The stinging became less as she continued to dab and wipe the area. He glanced down and could see that most of the blood that smeared his leg was gone. Her tender touch was similar to that of a nurse's touch, careful but calculating. He noted that she didn't seem uncomfortable with him being half disrobed as she had been with Jenro. However, he did have pants on as was customary with humans. Once his leg was cleaned, she told him to slightly bend his leg. It was a bit painful to do because she had her hand pressing a patch of gauze against his leg. He then watched as she placed a clean patch of gauze over the wound then wrapped his leg in bandages.

"You act as if you have done this before. Where did you learn to do that?" the Doctor asked her as he sat up after she finished securing the bandage.

"My mum was a nurse. She taught me," she simply said. A bit of a blush shone on her cheek. She picked up his trousers. "You'll be needing a new pair of these."

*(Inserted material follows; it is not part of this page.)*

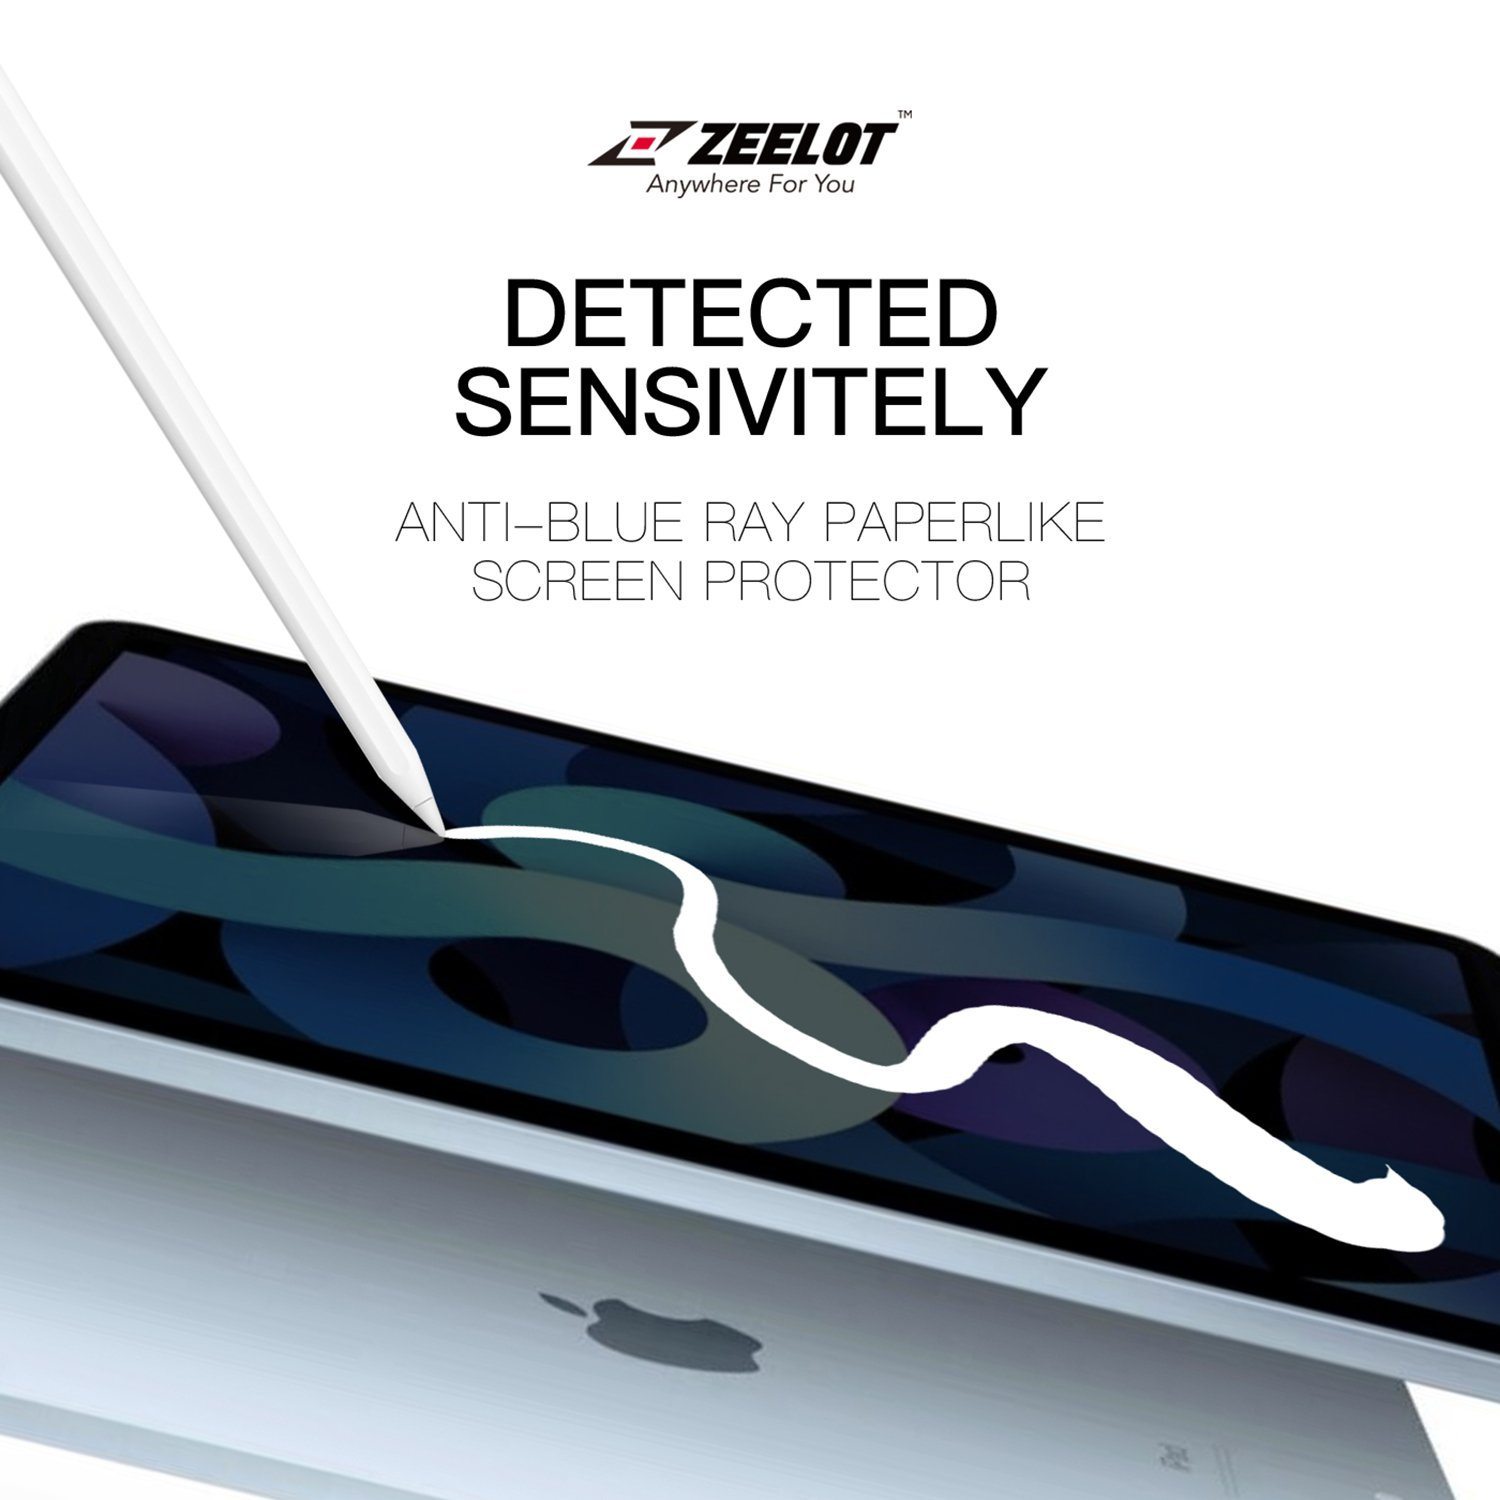 ZEELOT Paper Like Screen Protector for iPad 11"/ iPad Air 4 10.9" (2021/2018), Anti Blue Ray Default ZEELOT

"Yes, I guess I will," he said. "Come on. I'll show you my wardrobe." He hopped off the table with a wince.

"Take it easy on the leg," she suggested.

"Now, you tell me," he said as he limped out the door with his jacket draped over his arm.

"Here, let me help you," she insisted as she again tucked herself under his arm.

"I don't . . . thanks."

"My pleasure," she responded with a delicate smile as they continued on their way to the wardrobe room.